In `@src/openhuman/memory_tree/store_tests.rs`:
- Around line 47-771: The test file is too large; split it into focused test
modules (e.g., connection_cache, journaling/migration, reembed, schema_init) by
moving related tests into new test files and keeping shared helpers in a single
test_helpers module. For each group, create a new test module/file containing
the tests that reference the same behavior (e.g., move
with_connection_serialises_concurrent_schema_init,
is_transient_cold_start_classifies_known_extended_codes,
with_connection_keeps_foreign_keys_on_for_every_call,
memory_tree_uses_truncate_journal_not_wal, existing_wal_db_migrates_to_truncate
into a journaling/schema module; move
connection_cache_returns_same_arc_for_same_workspace,
connection_cache_uses_separate_connections_for_different_workspaces,
circuit_breaker_trips_after_threshold into a connection_cache module; move
clear_chunk_reembed_skipped_is_idempotent,
clear_reembed_skipped_for_signature_removes_all_tombstones_for_sig,
validate_reembed_skip_key into a reembed module; keep
legacy_embeddings_migrate_to_sidecar_once with embedding-related helpers),
update imports to use the shared helpers (e.g., test_config, sample_chunk,
with_connection, get_or_init_connection, clear_connection_cache,
try_cleanup_stale_files, clear_connection_cache, mark_chunk_reembed_skipped,
clear_reembed_skipped_for_signature, validate_reembed_skip_key), and add mod
declarations so Cargo runs them as tests; ensure visibility of helper functions
(pub(crate) or move to a common tests/helpers module) so the split files compile
and tests run.

In `@src/openhuman/memory_tree/tools/walk.rs`:
- Around line 452-466: The parser currently silently skips malformed <tool_call>
blocks; update the block in walk.rs (the branch handling `None => break` and the
`Some(close_idx)` branch that parses `after_open`) to emit diagnostic logs: when
`None` occurs log a debug/error with context (e.g., the remaining `after_open`
content) indicating an unclosed/malformed tool_call, when
`serde_json::from_str::<Value>(inner.trim())` returns Err log the JSON parse
error and the `inner` string, and when `val.get("name")` is missing or not a
string log a debug entry showing the parsed `val`; reference the variables
`after_open`, `close_idx`, `inner`, the `calls` push of `InnerCall`, and ensure
logs use the crate logger (e.g., log::debug!/log::error!) with concise
contextual messages.

In `@src/openhuman/memory_tree/tree_global/seal.rs`:
- Around line 20-33: This file exceeds the repository size ceiling; split its
sealing logic and tests into smaller modules: extract core sealing functions and
types (the main seal implementation that uses stage_summary,
SummaryComposeInput, SummaryTreeKind, new_summary_id, with_connection, and
store) into a focused seal_core.rs, move configuration/threshold constants
(GLOBAL_TOKEN_BUDGET, MONTHLY_SEAL_THRESHOLD, WEEKLY_SEAL_THRESHOLD,
YEARLY_SEAL_THRESHOLD) into a seal_config.rs, isolate embedding/score helper
logic that uses build_embedder_from_config into seal_embed.rs, and place
summariser-related code (Summariser, SummaryContext, SummaryInput) and
Tree/Buffer types (Buffer, SummaryNode, Tree, TreeKind) in a seal_summariser.rs
or re-export them from the new modules; also move large test cases into a
parallel tests/ module/file so each source file stays under ~500 lines and
update module declarations and re-exports accordingly.
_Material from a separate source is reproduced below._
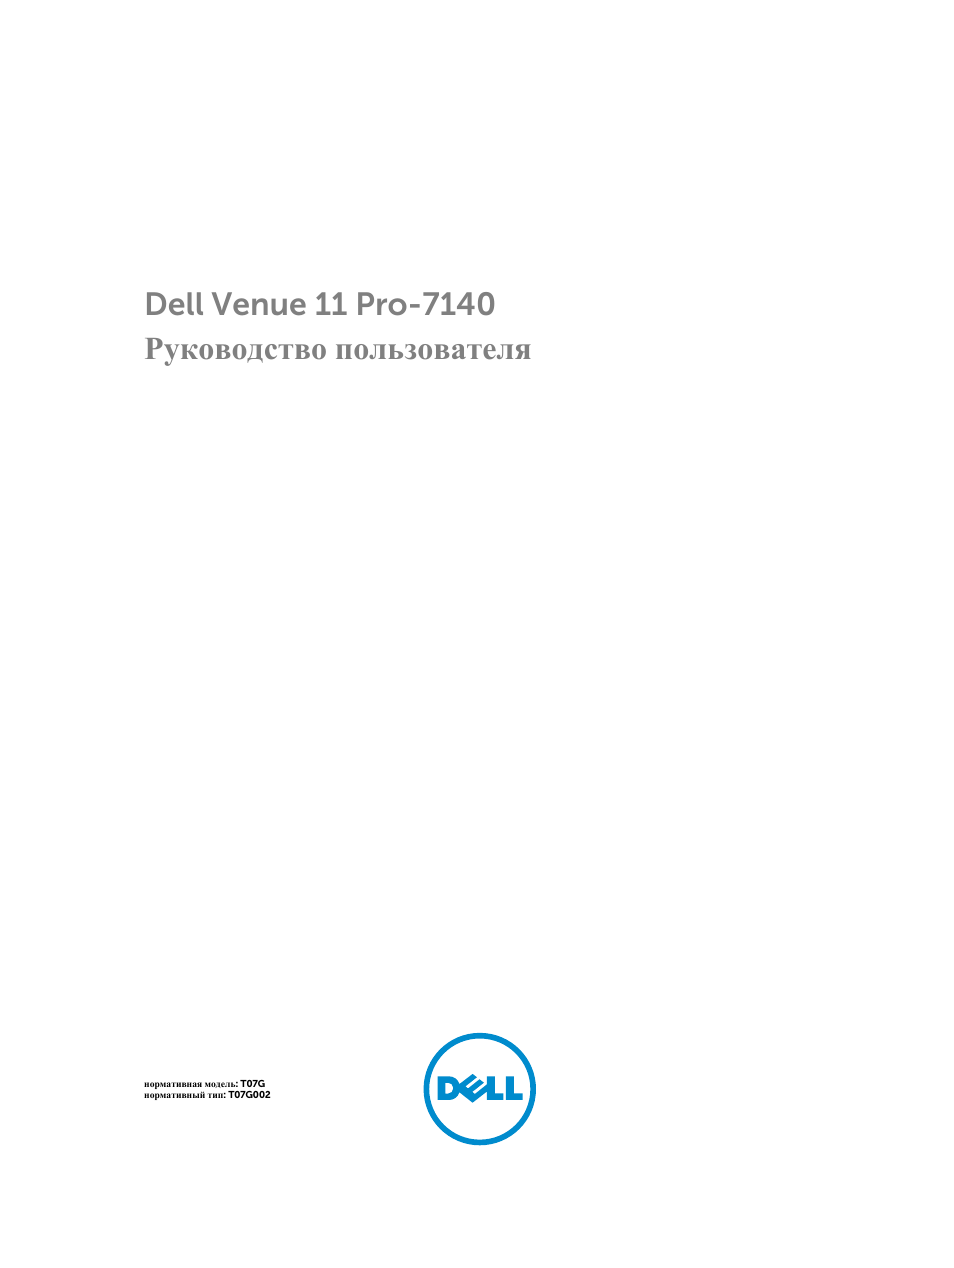 Инструкция по эксплуатации Dell Venue 11 Pro (7140, Late 2014) | 58 страниц

In `@tests/memory_tree_summarizer_e2e.rs`:
- Around line 1-579: The file exceeds the 500-line guideline; split
helper/harness code out of the test module into a smaller helper module and keep
only the three scenario tests in the e2e test file. Move EnvVarGuard,
ENV_LOCK/env_lock, ScriptedProvider (and its Provider impl), build_config,
ts_hour14/ts_hour15, and NS into a new module (e.g., summarizer_harness) and
make those items public, then in the original tests file replace the moved
definitions with a mod/use to import summarizer_harness::{EnvVarGuard, env_lock,
ScriptedProvider, build_config, ts_hour14, ts_hour15, NS}; ensure visibility
changes (pub) where needed and update imports so engine::run_summarization and
store::* usages in the three test functions remain unchanged.
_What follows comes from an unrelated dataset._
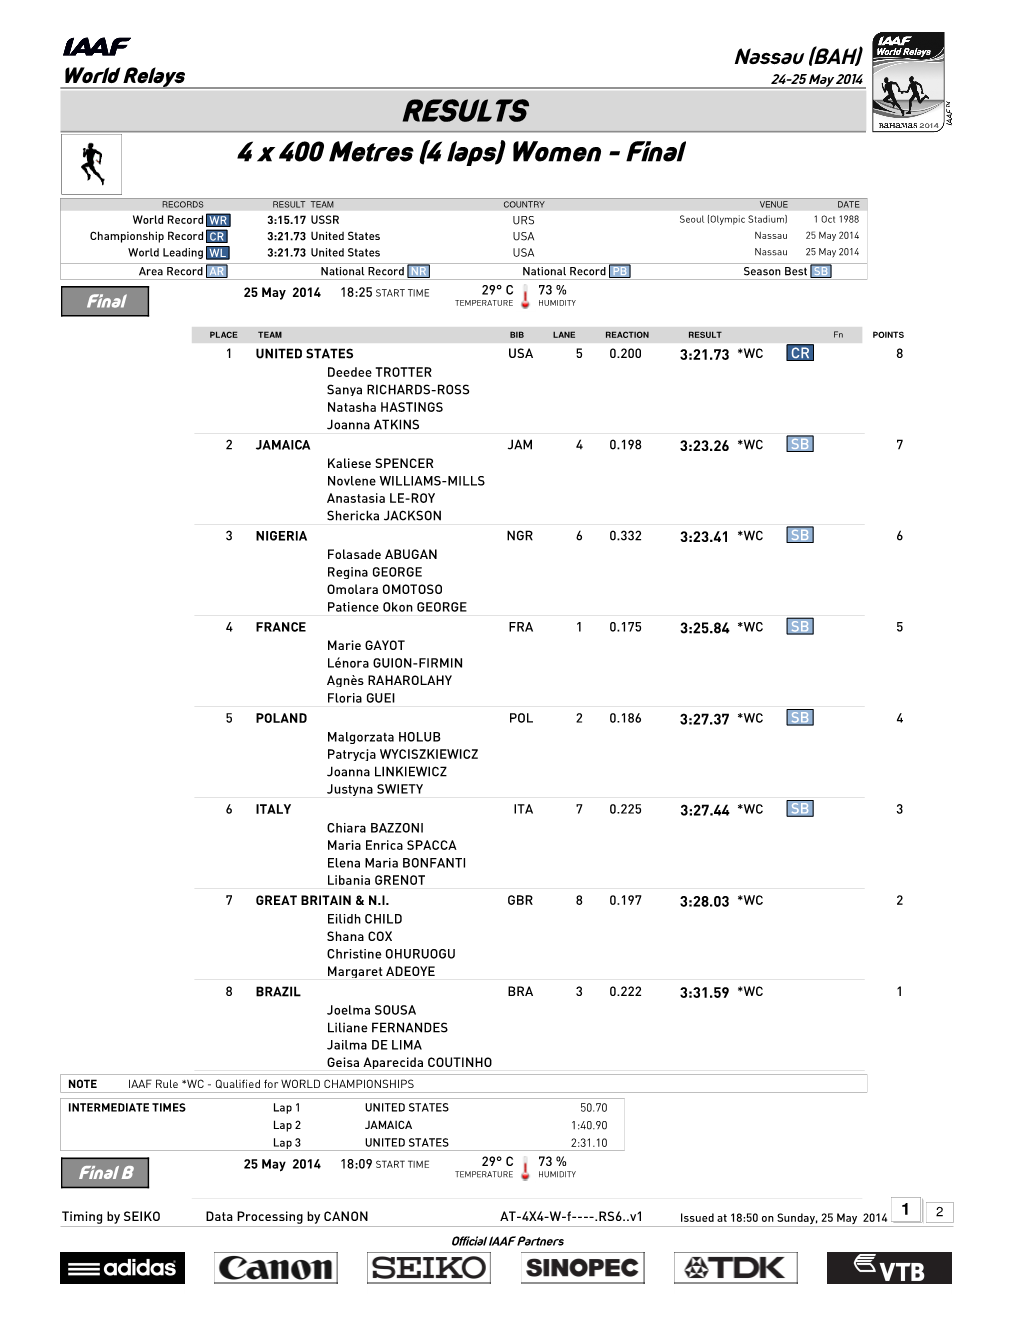 RESULTS 4 X 400 Metres (4 Laps) Women - Final

In `@tests/memory_tree_walk_e2e.rs`:
- Around line 1-536: The module is too large; extract shared test utilities into
a sibling test-support module: move ScriptedResponder, env_lock/ENV_LOCK,
test_config, make_node, seed_tree, make_provider and any helper imports (e.g.,
derive_parent_id, level_from_node_id, estimate_tokens, write_node) into a new
test-support file/module, re-export or pub use the necessary symbols, then
update this test file to import those helpers and keep only the scenario tests
(walks_descend_fetch_answer, respects_max_turns_cap_with_mock,
handles_unknown_node_gracefully) plus their local setup; ensure run_walk,
WalkOptions and WalkStopReason usages remain unchanged and update module paths
so the tests compile.
🪄 Autofix (Beta)

Fix all unresolved CodeRabbit comments on this PR:

  • Push a commit to this branch (recommended)
  • Create a new PR with the fixes

ℹ️ Review info
⚙️ Run configuration

Configuration used: Organization UI

Review profile: CHILL

Plan: Pro

Run ID: 5ba91539-c9af-4891-8751-7a160758246e

📥 Commits

Reviewing files that changed from the base of the PR and between 6a06bae and 969ca5a.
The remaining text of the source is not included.